MEXICO WEIGHS EXPANDING FRACKING AMID TRUMP TARIFF PRESSURE: The Mexican government is reportedly considering increasing its domestic use of fracking as it looks to lower reliance on American trade.
The details: Four executives with knowledge of the conversations told the Financial Times this week that Mexican President Claudia Sheinbaum directed officials to look into using fracking to increase domestic energy independence. Government officials have reportedly since asked industry players for comments on increasing shale gas production in the country.
Mexico has long relied on the U.S. for natural gas, importing more than 70% of its total gas used from across its northern border.
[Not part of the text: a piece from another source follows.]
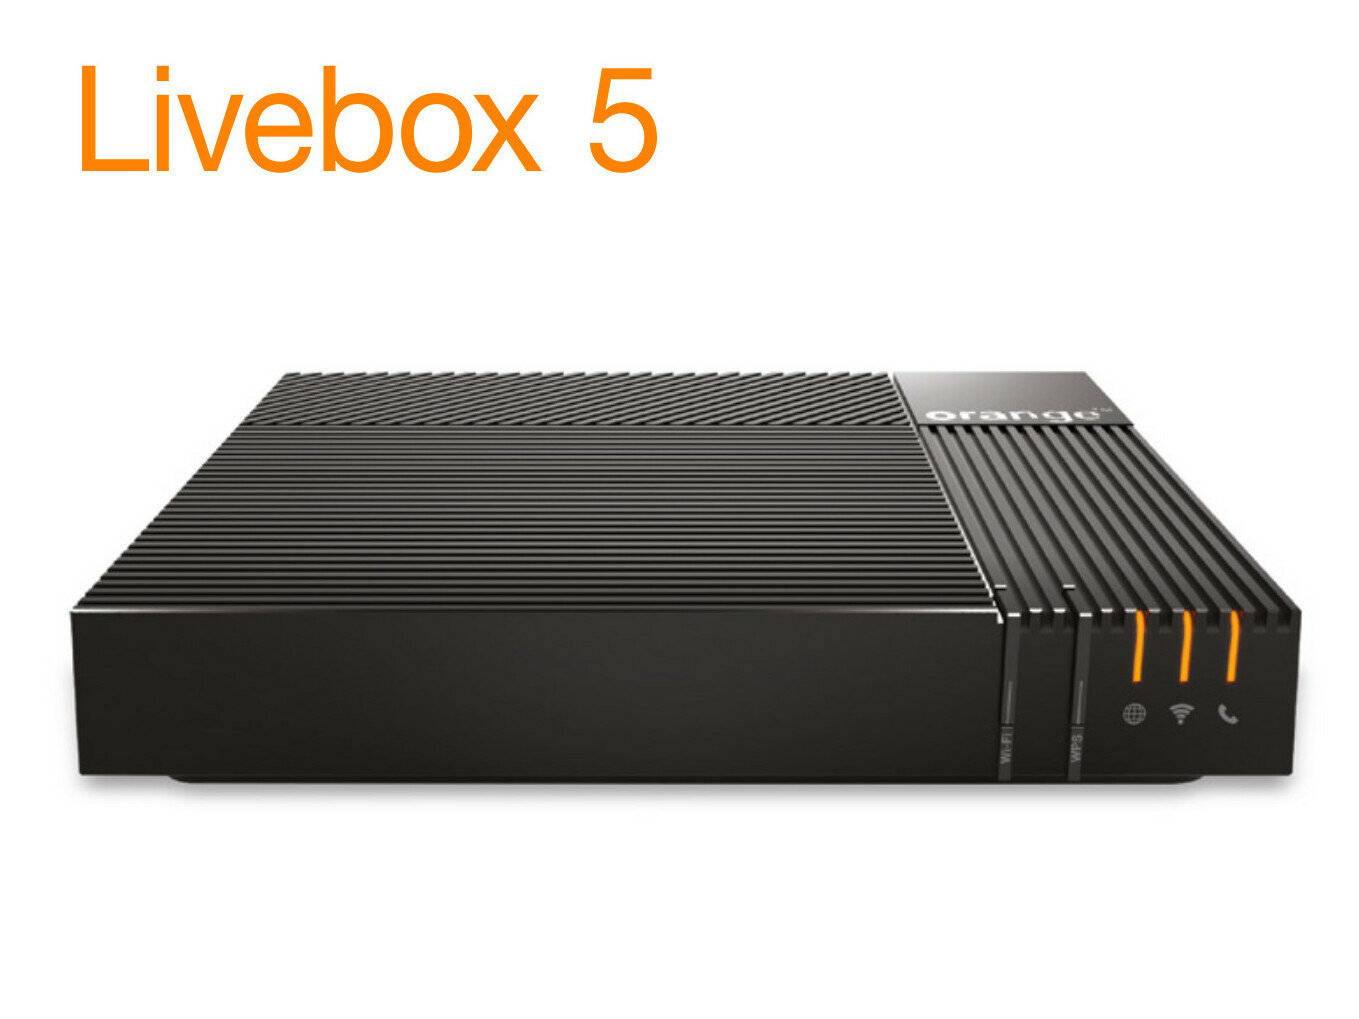 Livebox et domotique : Orange et Somfy s'associent

As Trump’s tariffs have sparked concerns over a global trade war, there is growing interest in reducing Mexican reliance on U.S. trade for critical products like gas.
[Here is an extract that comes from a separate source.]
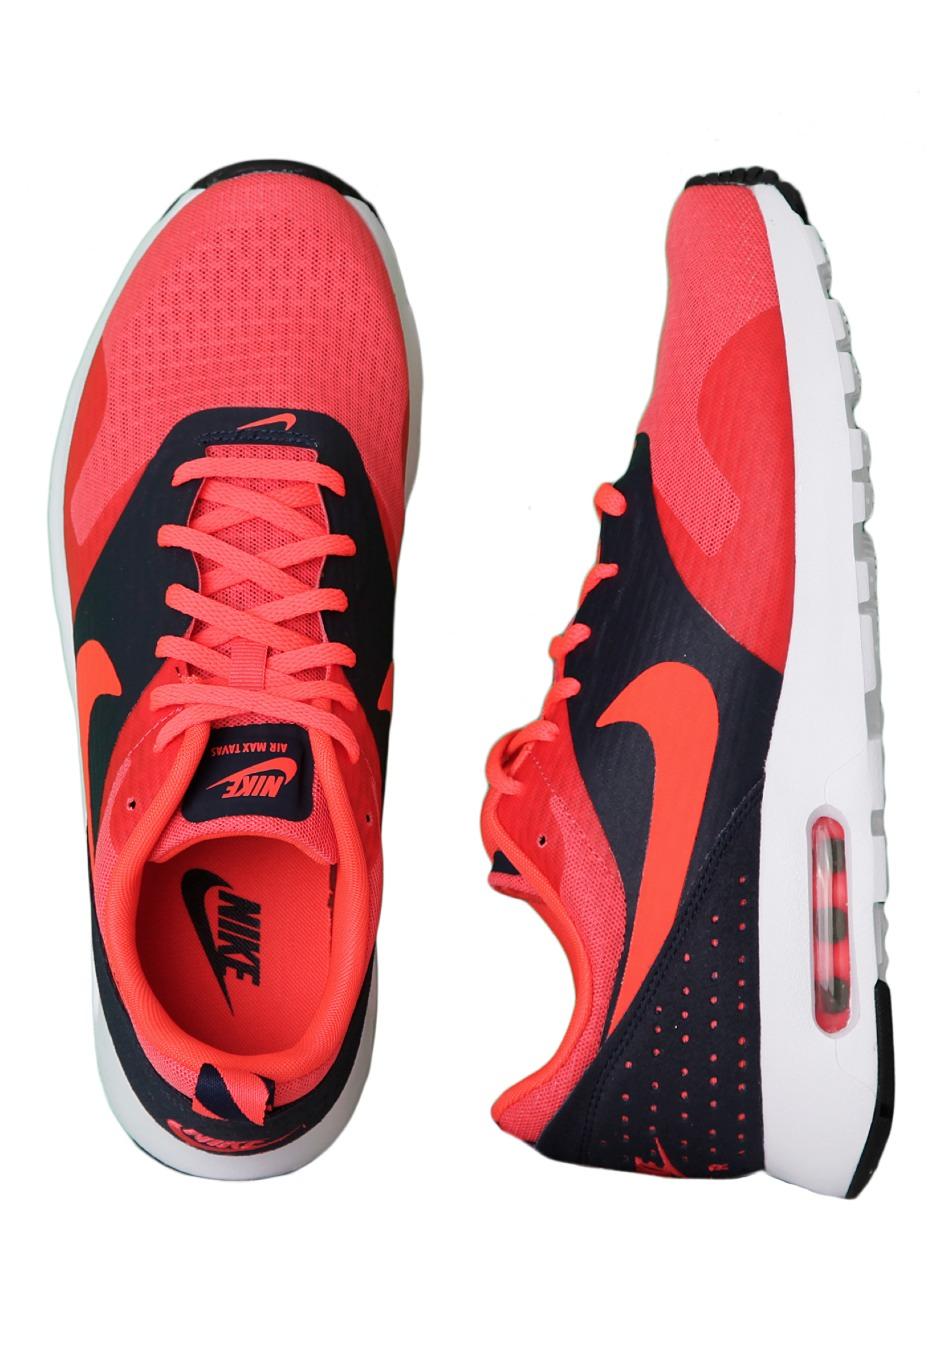 half off 0cea7 e90f0 Nike - Air Max Tavas Essential Rio Bright Crimson Dark Obsidian - Shoes -  Impericon.com Worldwide

Sources confirmed to the Financial Times that local companies are interested in investing in shale gas production, however, it will likely take some time to see meaningful reform implemented by the government. Fracking is currently quite limited in the country, primarily due to environmental risks.
EUROPE SEES RECORD-BREAKING HEAT IN MARCH: Europe had the warmest March on record, according to the European Union Copernicus Climate Change Service.
Its monthly bulletin said land temperatures were 2.41 degrees celsius above the 1991 to 2020 average, making it the warmest March for Europe.
Globally, this year’s March was the second warmest on record. It added that March was the 20th month in the last 21 months in which the average global surface air temperature was more than 1.5°C above the pre-industrial level.
GREEN ENERGY SURPASSED 40% OF GLOBAL ELECTRICITY LAST YEAR: Renewable energy accounted for over 40% of the world’s electricity generation, with solar energy playing a significant role in the growth, according to a report from Ember.
Ember’s annual Global Electricity Review said renewable generation was 40.9% in 2024, compared to 39.4% in 2023. The report said the increase in generation from renewable energy was in part because solar generation has doubled over the last three years.
For the third year in a row, solar was the largest source of new electricity generation globally and remains the fastest growing source of electricity. The report said that more than 53% of the increase in solar generation was in China.
Ember added that heatwaves drove up electricity demand, which resulted in a small increase of about 1.4% in fossil fuel generation.
ICYMI – CLIMATE GROUPS OPPOSE TRUMP’S PICK FOR BLM: More than 125 climate groups sent a letter yesterday asking Senate Committee on Energy and Natural Resources members to oppose Trump’s pick to be the Director of the Bureau of Land Management, Kathleen Sgamma.
The groups pointed to Sgamma’s history of litigating against the agency. She served as president of the Western Energy Alliance for nearly two decades, which has challenged the bureau in court and pushed for more fossil fuel production.
“Ms. Sgamma’s history of litigating and testifying against the agency, alongside her singular, and career-long, commitment to the oil and gas industry, make her an unacceptable candidate to lead this complex multiple-use agency,” the groups wrote in the letter.
The groups added that she has called the impact of climate change “infinitesimal,” and has helped “the fossil fuel industry to undermine environmental protections and opposing common sense policies to protect communities from the impacts of climate change and energy extraction.”
The committee is set to hold a hearing on Sgamma’s nomination on Thursday. Some of the groups that sent the letter included Earthjustice, GreenLatinos, Sierra Club, Western Environmental Law Center, and many more.